Only scans from items in this CSV will trigger Discord/Email notifications. Other scans are logged but silently.

4. Create QR Codes

Generate QR codes pointing to:

https://your-domain.com/i/ITEM_ID

For example:

  • https://tagd.example.com/i/K001
  • https://tagd.example.com/i/BP001
  • https://tagd.example.com/i/LAP001

Short IDs (3-4 chars) keep QR codes compact and easy to scan.

5. Run the Server

Development:

npm run dev

Production:

npm start

Server runs on http://localhost:3000

Routes

Public Routes

  • GET / - Homepage Serves the public landing page with owner contact information.

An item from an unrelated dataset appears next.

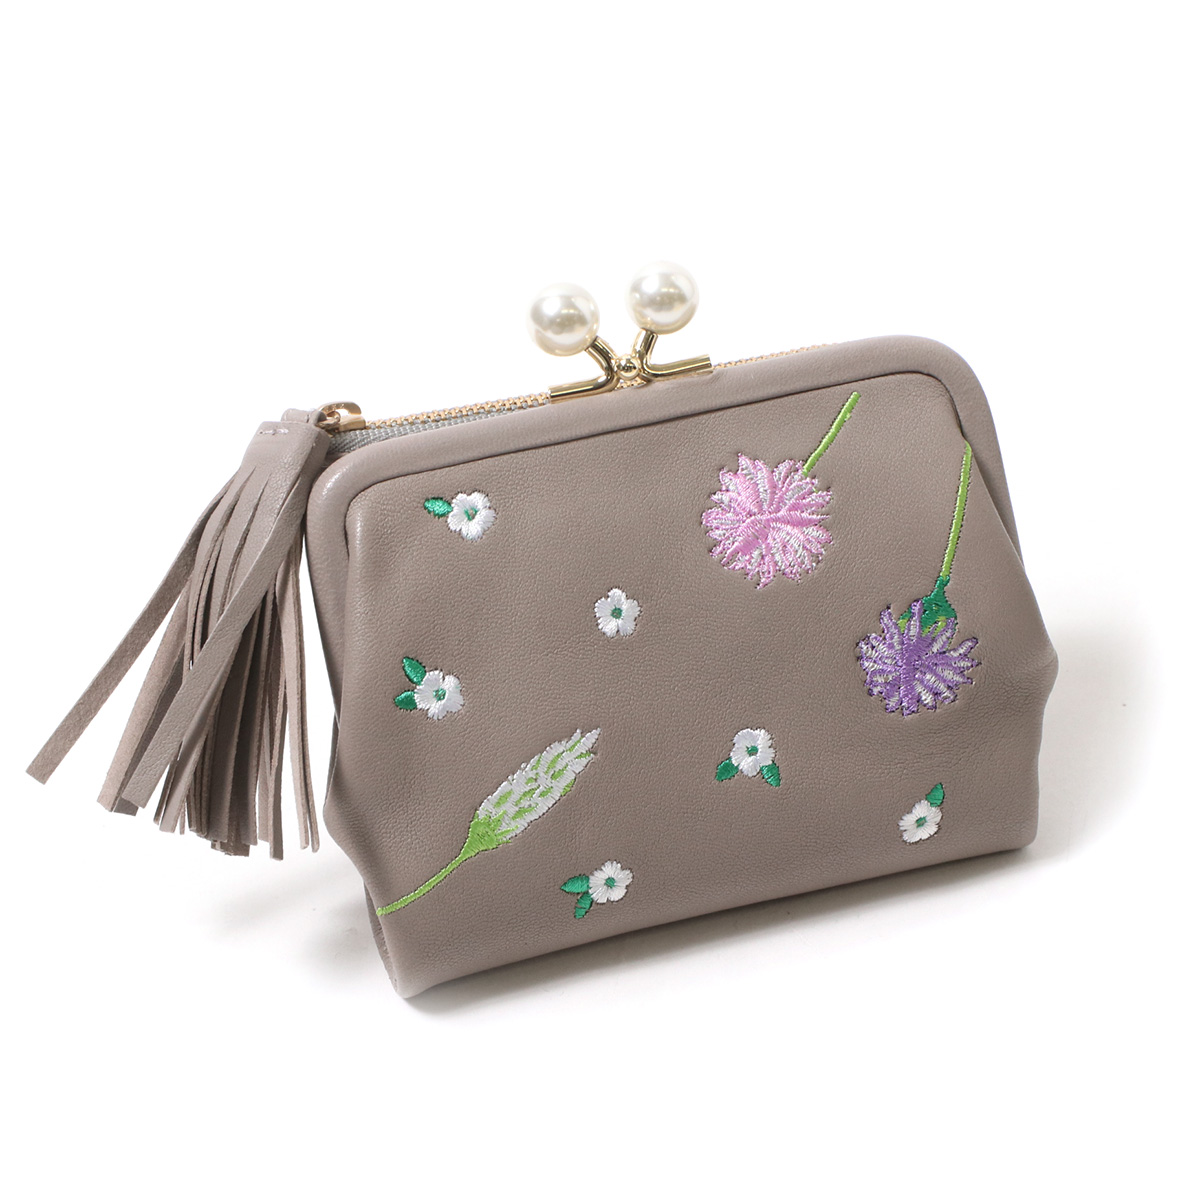 ペルケ perche 財布 二つ折り がま口 花柄 刺繍 レディース 本革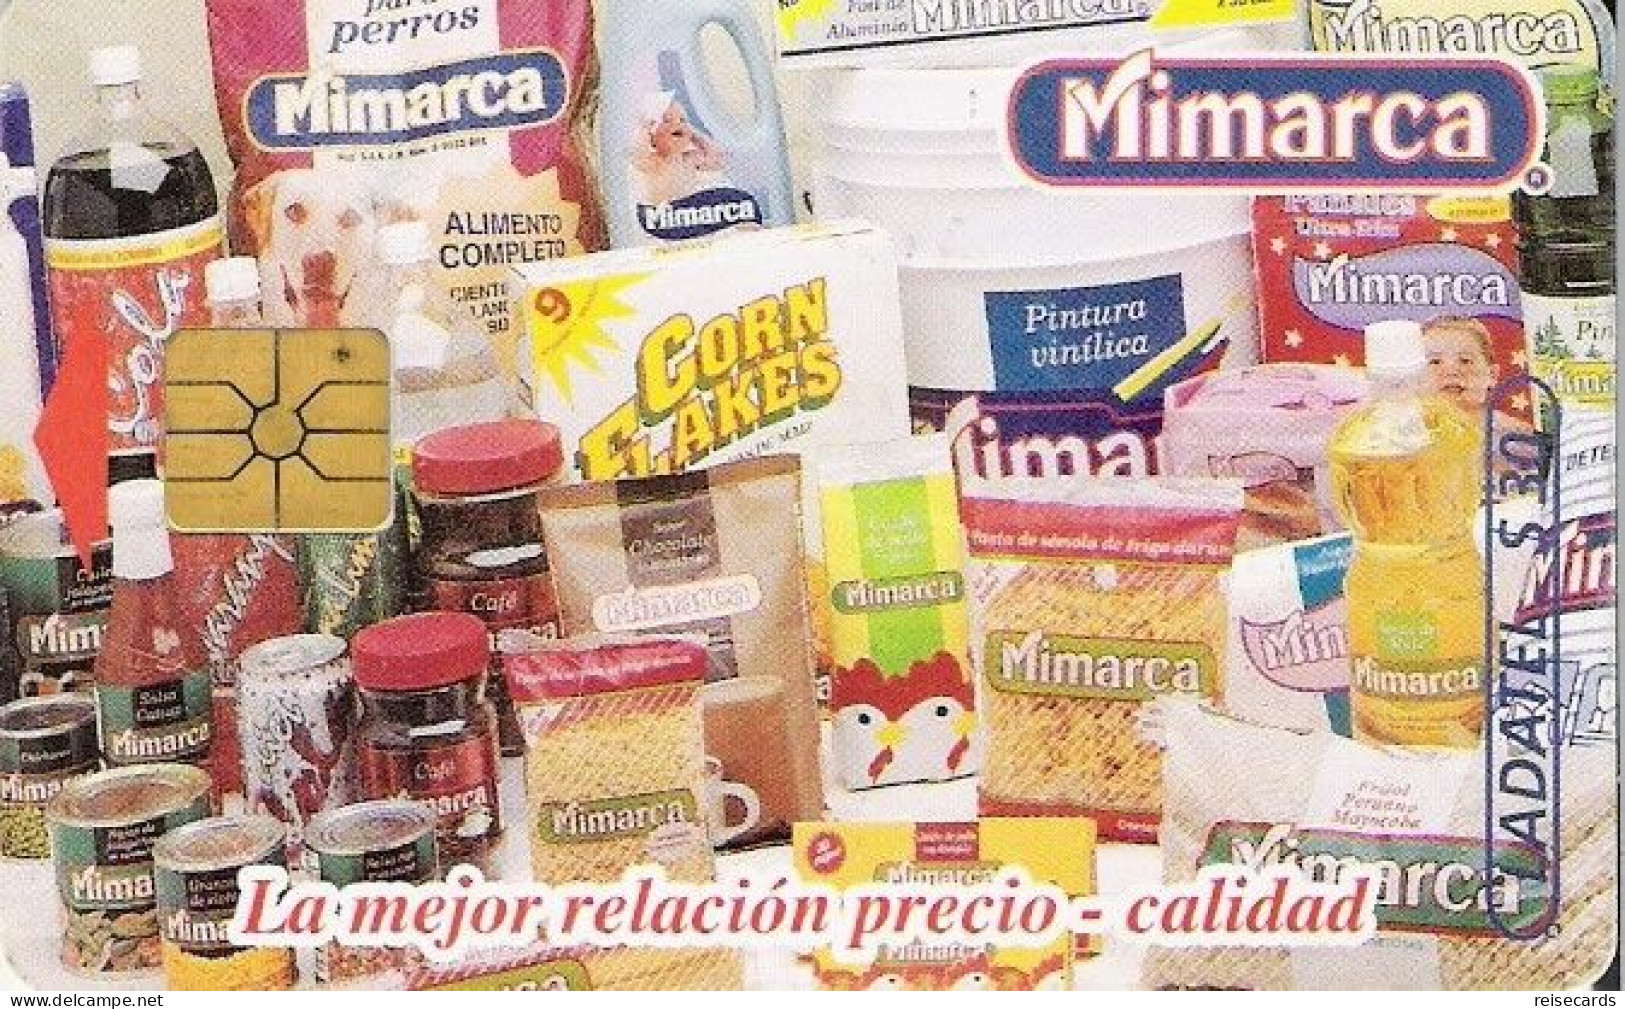 Mexico: Telmex/lLadatel - 1997 Mimarca - México

  • GET /i/:id - Scan Logger

    • Logs the scan with full details (IP, geolocation, user-agent, etc.)
    • Sends Discord/Email notifications only if the item ID is in data/items.csv
    • Serves the public page with owner contact info
    • No authentication required

Admin Routes

  • GET /api/scans - Get Scans Returns JSON array of logged scans with optional filtering.

    Required Header:

    x-admin-token: your-secure-token

    Query Parameters:

    • itemId - Filter by item ID (e.g., ?itemId=keys-001)
    • from - Filter from date (ISO 8601, e.g., ?from=2024-01-01)
    • to - Filter to date (ISO 8601, e.g., ?to=2024-12-31)

    Examples:

    # Get all scans
curl -H "x-admin-token: your-secure-token" http://localhost:3000/api/scans

# Filter by item
curl -H "x-admin-token: your-secure-token" http://localhost:3000/api/scans?itemId=keys-001

# Filter by date range
curl -H "x-admin-token: your-secure-token" http://localhost:3000/api/scans?from=2024-01-01&to=2024-12-31

  • GET /api/export - Export Scans Export scans in CSV or JSON format with optional filtering.

    Required Header:

    x-admin-token: your-secure-token

    Query Parameters:

    • format - Export format: csv or json (default: json)
    • itemId - Filter by item ID
    • from - Filter from date (ISO 8601)
    • to - Filter to date (ISO 8601)

    Examples:

    # Export all scans as JSON
curl -H "x-admin-token: your-secure-token" http://localhost:3000/api/export > scans.json

# Export all scans as CSV
curl -H "x-admin-token: your-secure-token" http://localhost:3000/api/export?format=csv > scans.csv

# Export scans for specific item as CSV
curl -H "x-admin-token: your-secure-token" http://localhost:3000/api/export?format=csv&itemId=keys-001 > keys.csv

Logged Data Per Scan

Each scan records:

  • itemId - The item identifier from the URL
  • ip - Client IP address (x-forwarded-for aware)
  • userAgent - Browser/device info
  • acceptLanguage - Language preferences
  • referer - HTTP referer
  • timestamp - ISO 8601 timestamp
  • geo - Location data (city, region, country)
  • headers - All HTTP request headers

Discord Notifications

When someone scans your QR code, you'll receive a Discord embed with:

  • Item ID
  • Visitor's IP address
  • Location (city, region, country)
  • Device info (user-agent)
  • Scan timestamp
  • Language preference

Geolocation

The app automatically captures location data (city, region, country) for each scan using ip-api.com.

ip-api.com:

  • Accuracy: Good (city-level)
  • Setup: No configuration needed
  • Limitations: 45 requests/minute rate limit

Configuration

All personalization is done through config.json (created from config.json.example):

Owner Information

"owner": {
  "name": "Your Name",
  "email": "your-email@example.com",
  "website": "https://your-website.com"
}

These fields are displayed on the public page with contact buttons.

Appearance Customization

"appearance": {
  "primaryColor": "#6b7be5",
  "accentColor": "#5a6bc4"
}

Change colors to match your branding. The primary color is used for links, buttons, and highlights. The accent color is used for hover states.

Supported Languages

"locales": ["en", "fr"]

Add language codes to make those translation files available. Translations are loaded from public/i18n/{lang}.json.

Rate Limiting

"rateLimit": {
  "enabled": true,
  "windowMs": 900000,
  "maxRequests": 10
}
  • enabled: Turn rate limiting on/off
  • windowMs: Time window in milliseconds (default: 900000 = 15 minutes)
  • maxRequests: Max requests per IP per window (default: 10)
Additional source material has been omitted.